Dataset entries –
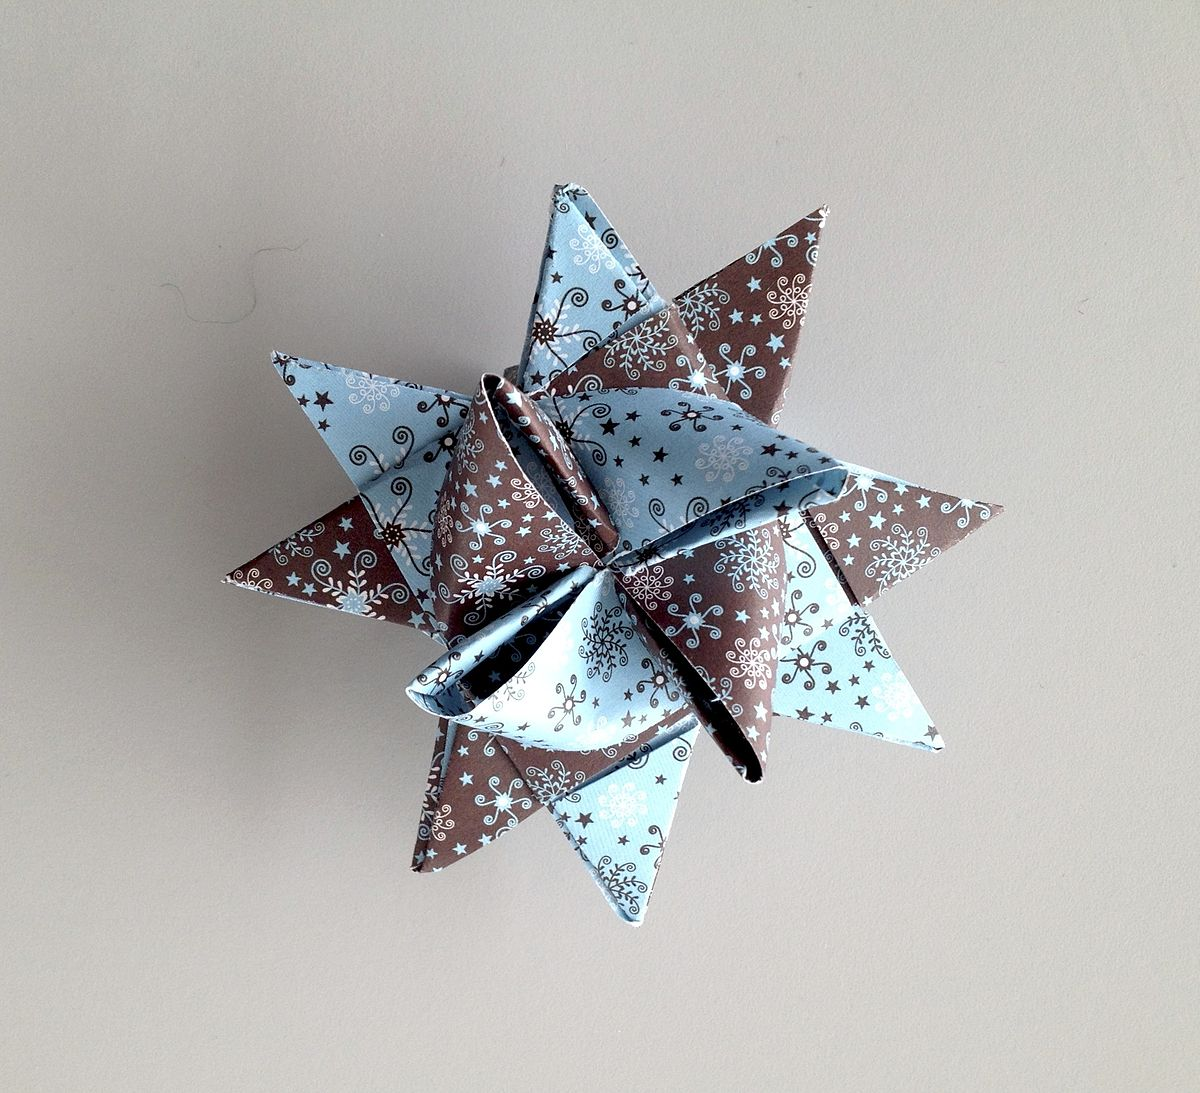 Froebel star - Wikipedia
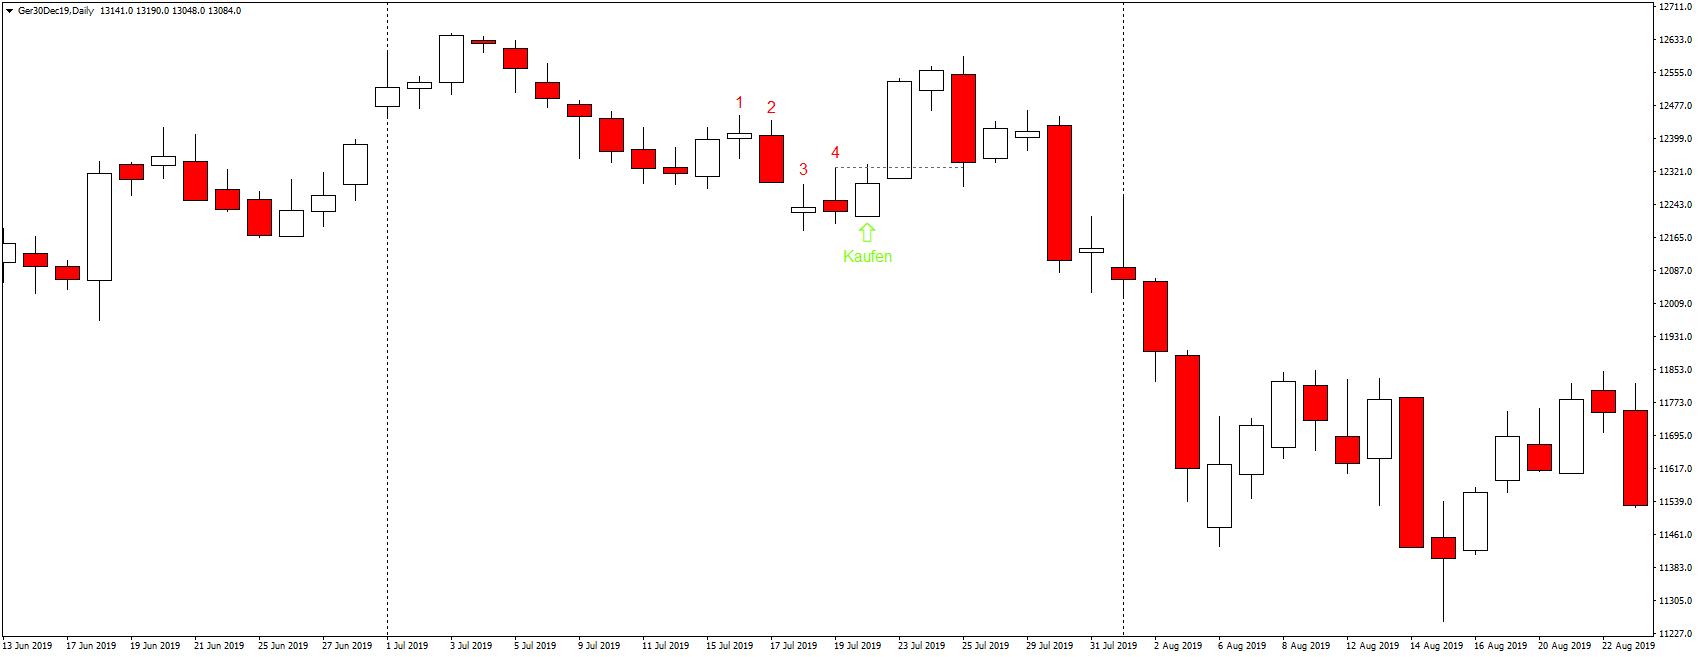 Swing Trading Strategie Rot-Weiß-Rot Beispiel
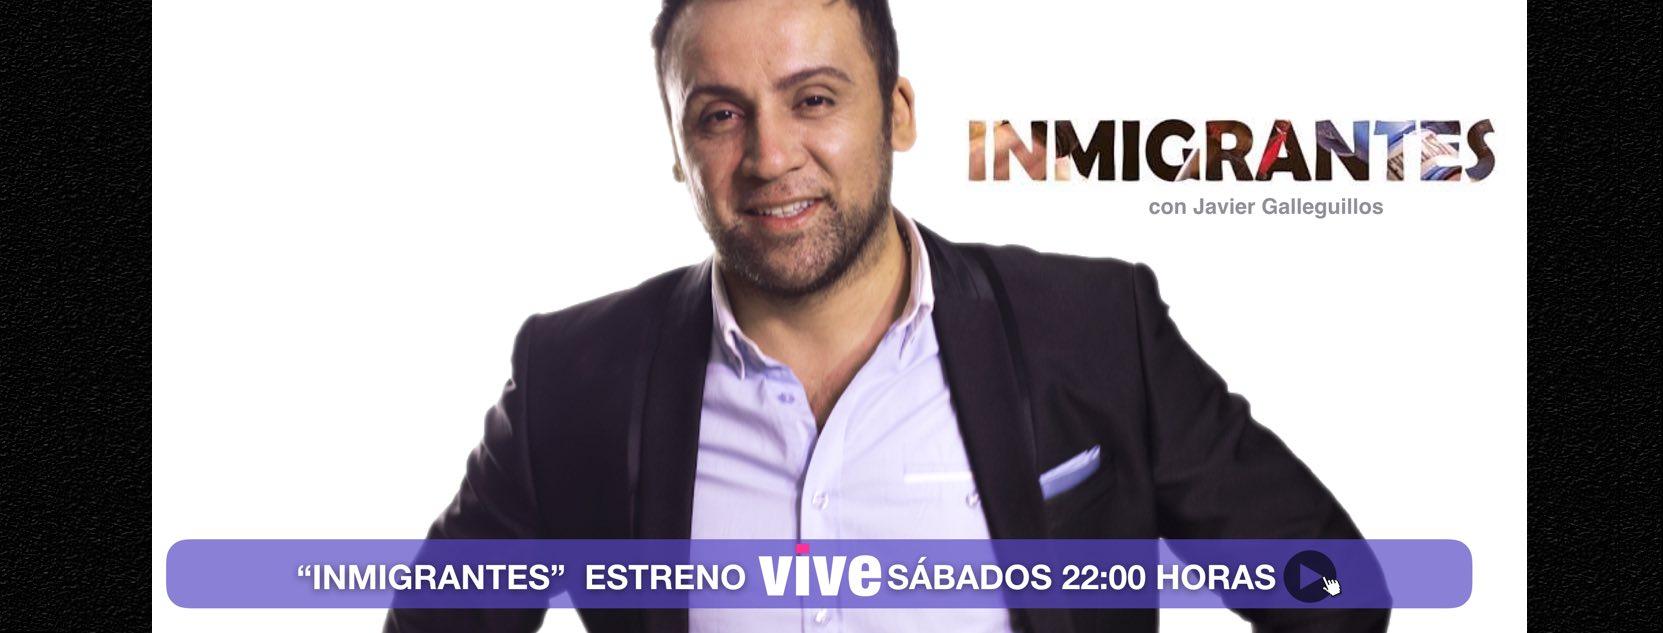 inmigrantes-vive1
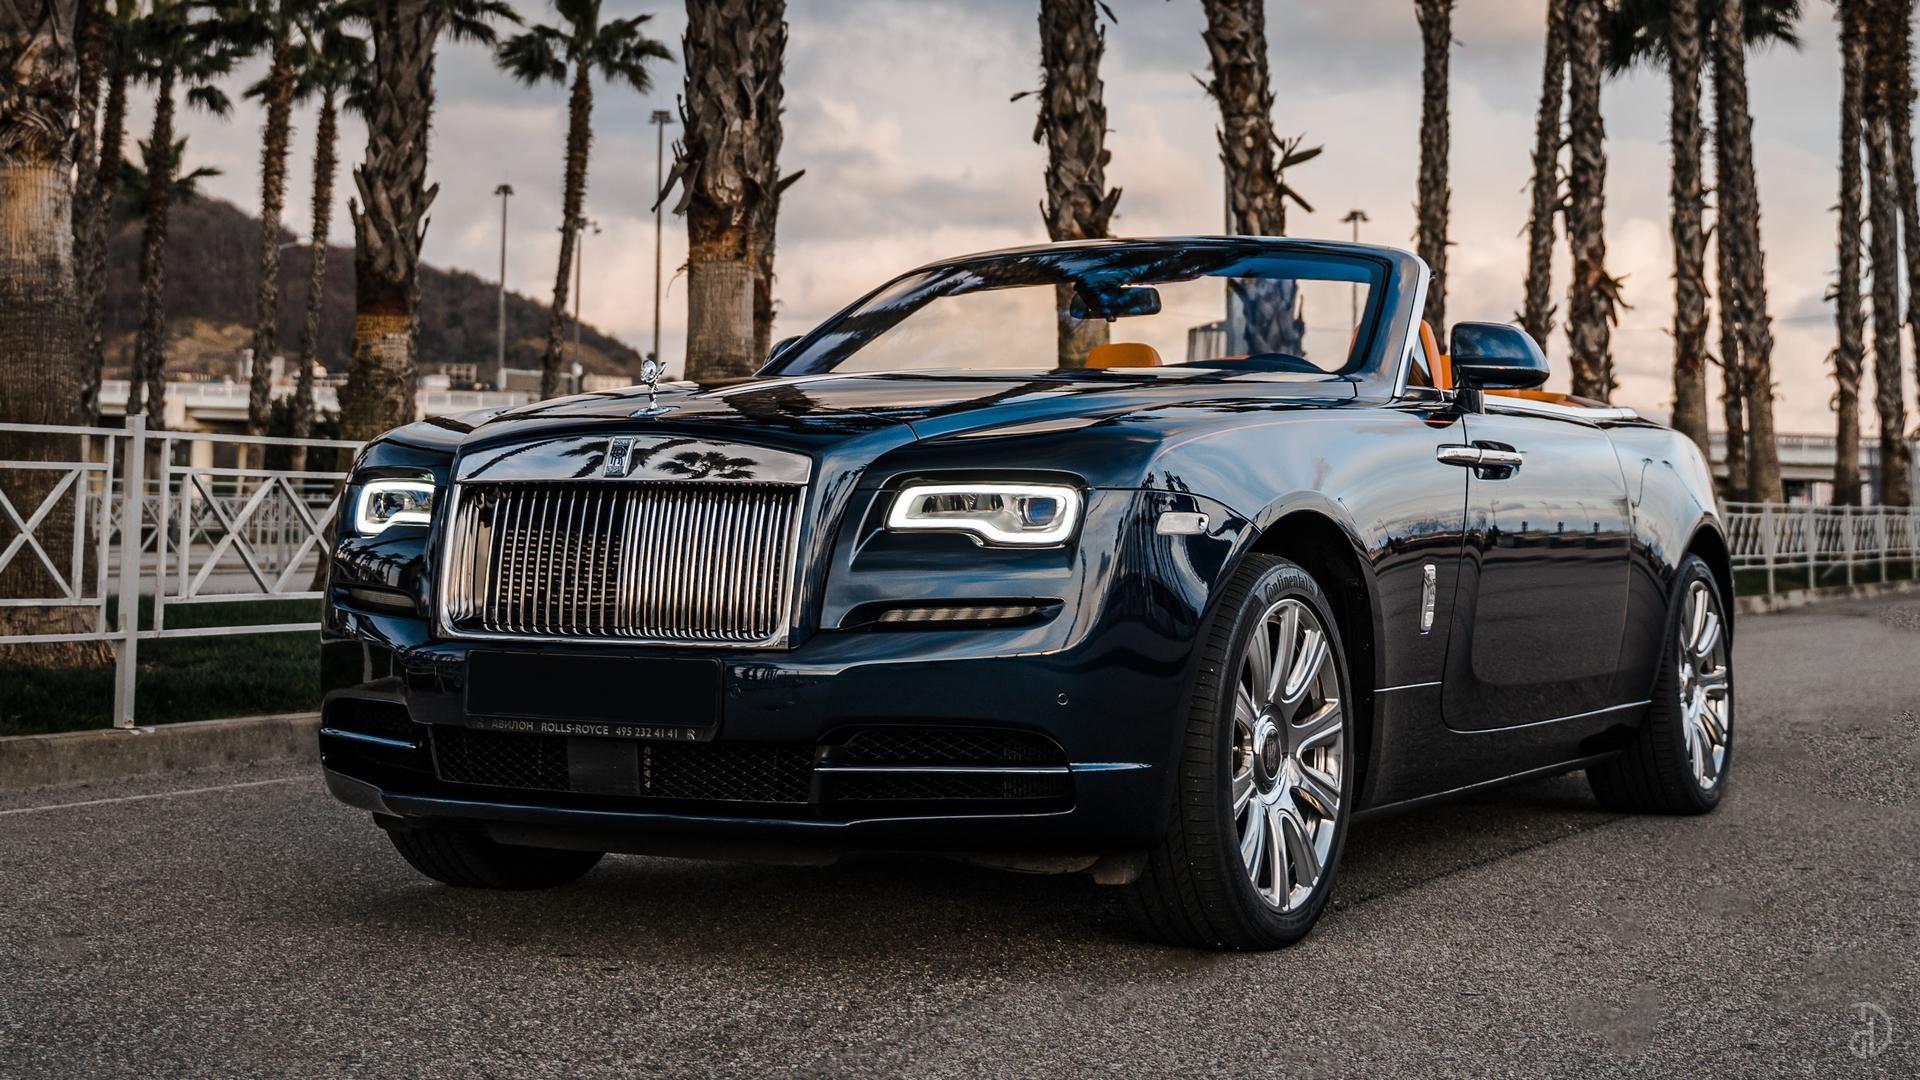 Аренда Rolls-Royce Dawn в Сочи. Фото 11
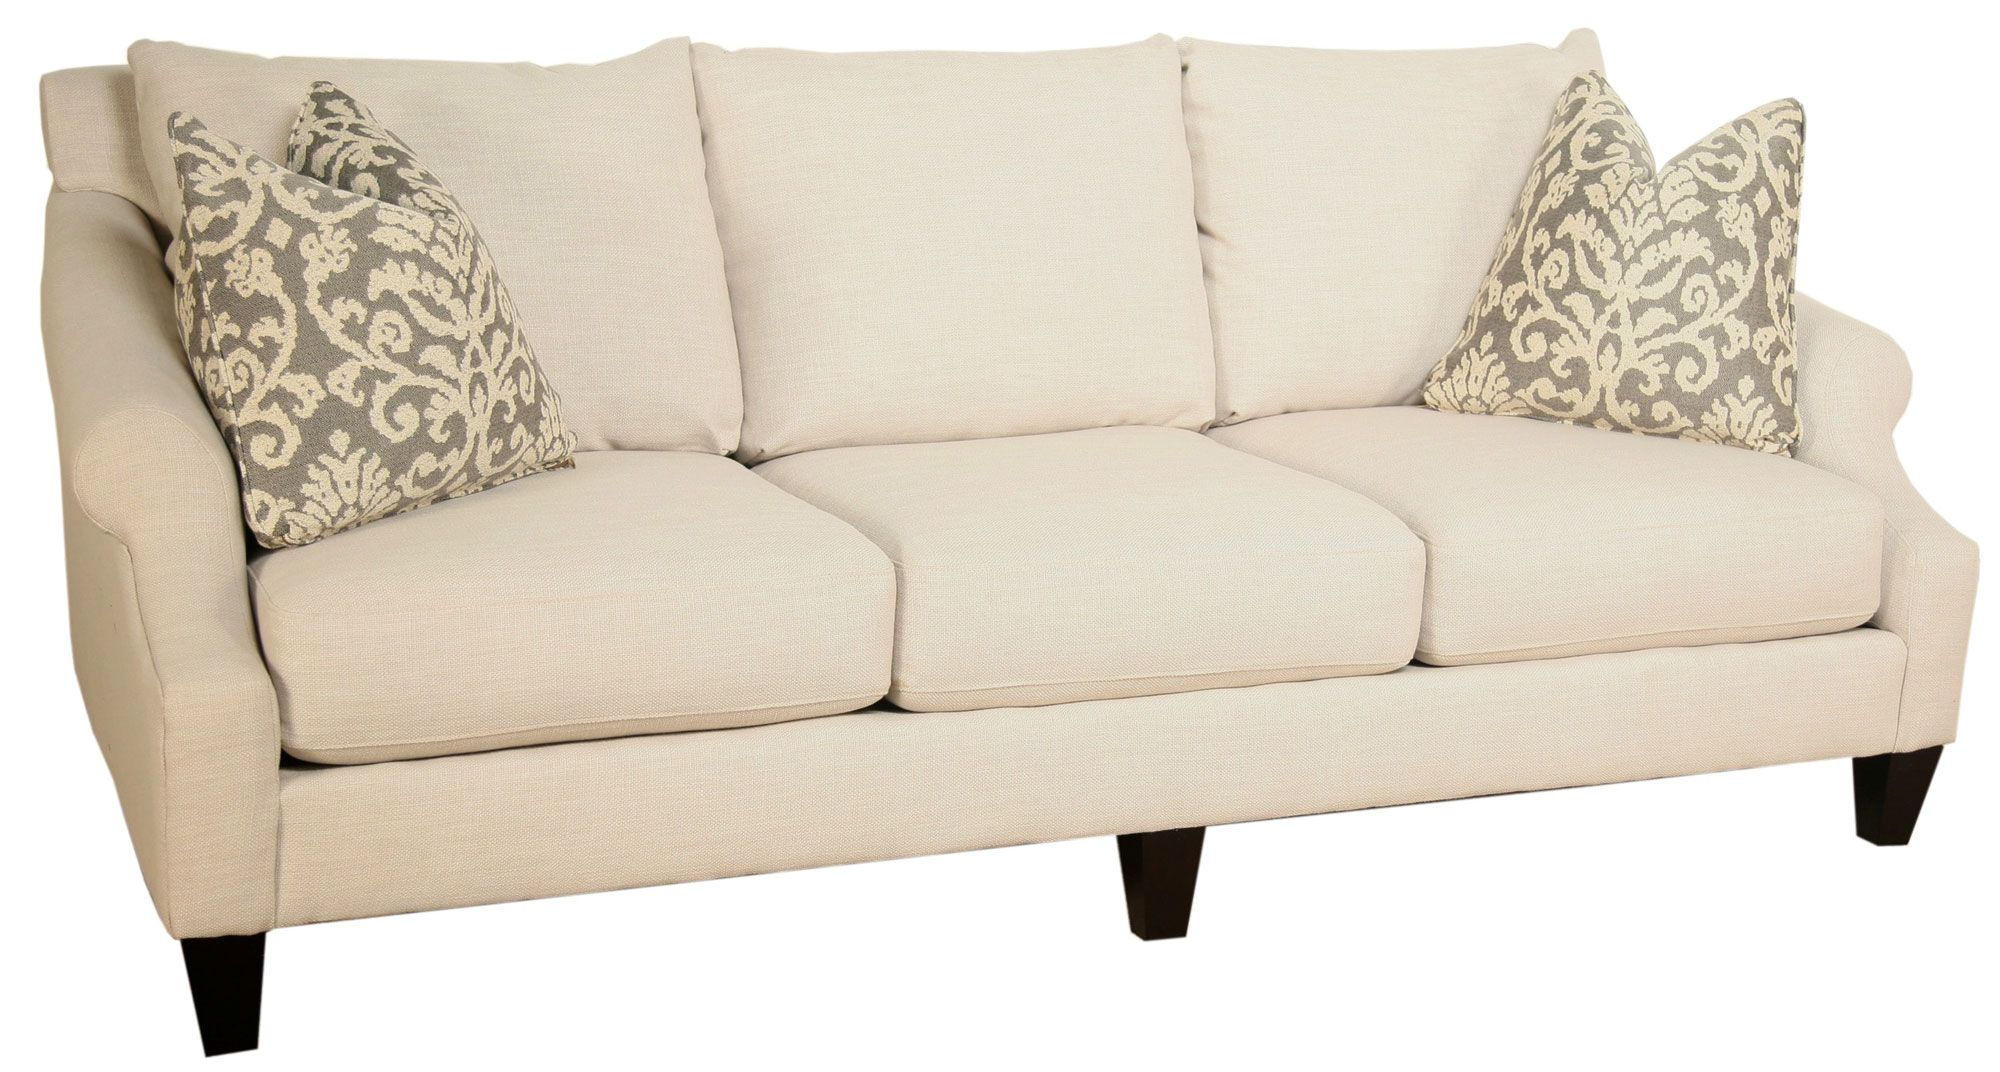 Hadley Sofa Bauhaus Furnishings, Furniture

Task statement – The listing above is to be set down word for word, without its images.

Task result –
 Froebel star - Wikipedia
 Swing Trading Strategie Rot-Weiß-Rot Beispiel
 inmigrantes-vive1
 Аренда Rolls-Royce Dawn в Сочи. Фото 11
 Hadley Sofa Bauhaus Furnishings, Furniture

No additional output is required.